Telling fun stories and knowing a wealth of facts that make you great at Jeopardy is all
well and good. But beyond my simple argument that history is interesting, what is the
importance of studying history? Why is it necessary to teach it to children? What does our
society gain from it?
The important thing for people to realize is that studying history is so much more than the
simple memorization of dates and the recitation of facts. To study history is to develop a greater
understanding of humanity, where we have been and where we are headed.
There is one incredibly clichéd phrase which I am sure that all of you were expecting to
hear from us tonight: “He who does not learn history is doomed to repeat it.” I don’t agree.

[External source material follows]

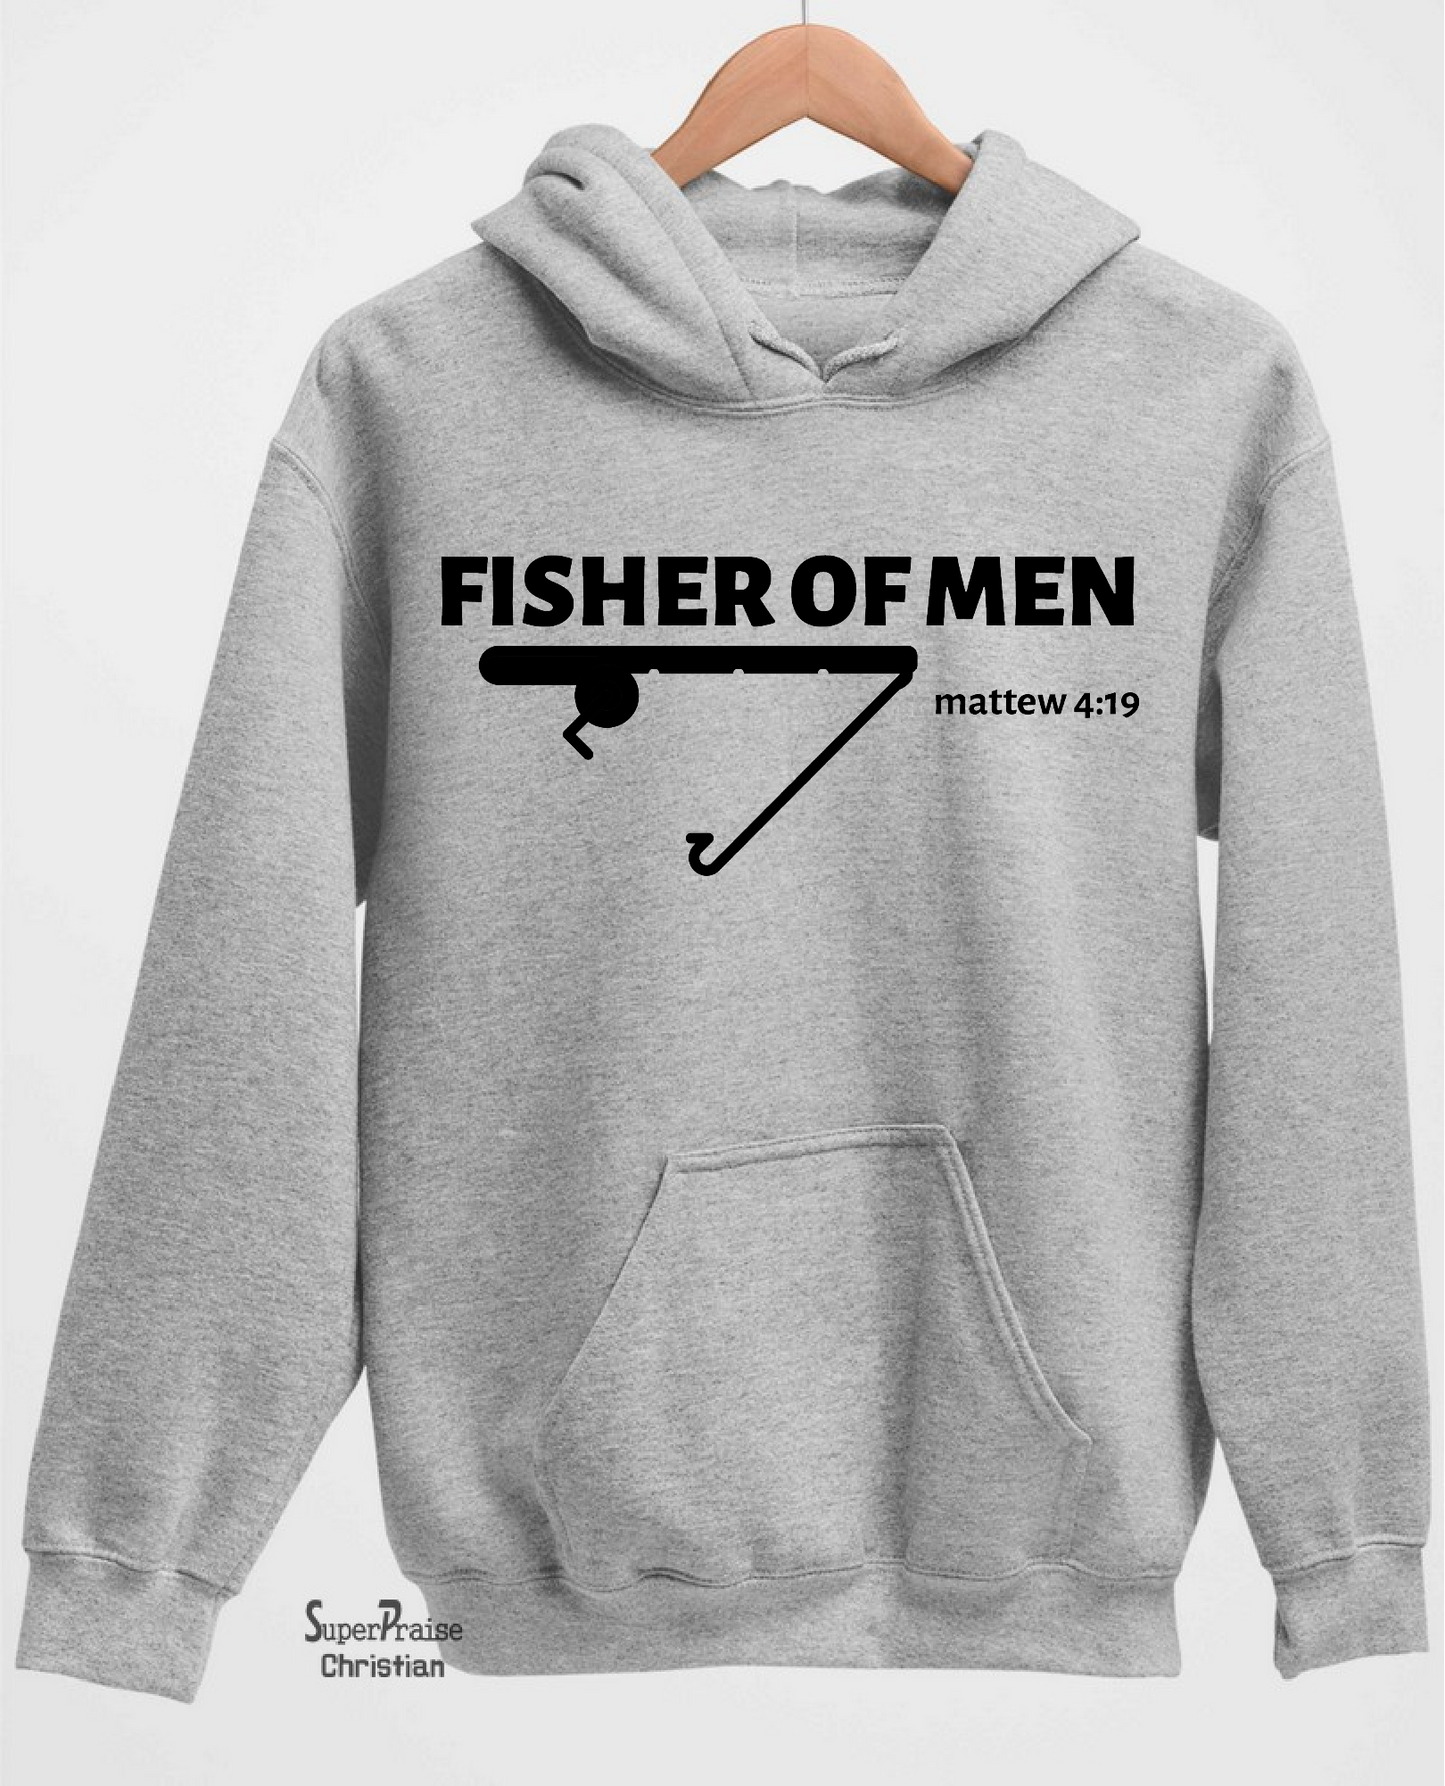 Fisher of Men Hoodie Christian Sweatshirt

History never really repeats itself, it only produces the vaguest hints of déjà vu. History is not
cyclical, rather, it moves ever forward into the unknowable future, and while we can take
valuable lessons from those who came before us, works of history are not guidebooks to the
future. The true merit to history lies in the fact that it is key in understanding the present. It
answers questions about things all around us, from the names of towns to the causes of war.
We must study history because it provides a valuable context for interpreting current
events. How can you understand or appreciate the customs of a foreign country without knowing
the reasoning behind them? How can you endeavor to solve a crisis without knowing why it
exists in the first place? You simply cannot understand current events without understanding
history. This is like reading the final chapter of a book without any knowledge of the rest of its
contents. The fact that Snape kills Dumbledore means literally nothing to you, unless you know
who Snape and Dumbledore are and what is happening around them. So, for instance, if you
want to implement policies to foster peace in the Middle East, you must begin with studying the
history of the conflict there.
Quite simply, history is what makes the world around us make sense. It is the how and
why of who we are, where we are, and what we are doing. Having a well rounded knowledge of
history, therefore, gives someone a very practical general knowledge of the world around them
which someone who lacks this sort of education simply does not have. People who have an
education in history are better prepared to connect with others from different backgrounds and to
provide valuable insight on social and political affairs. These are the sorts of skills that make
people suitable to be leaders in their communities.
So while history is interesting and fun, its real merits lie in its undeniable usefulness. The
past may seem distant, but it is all around us, and it is a very practical thing to study.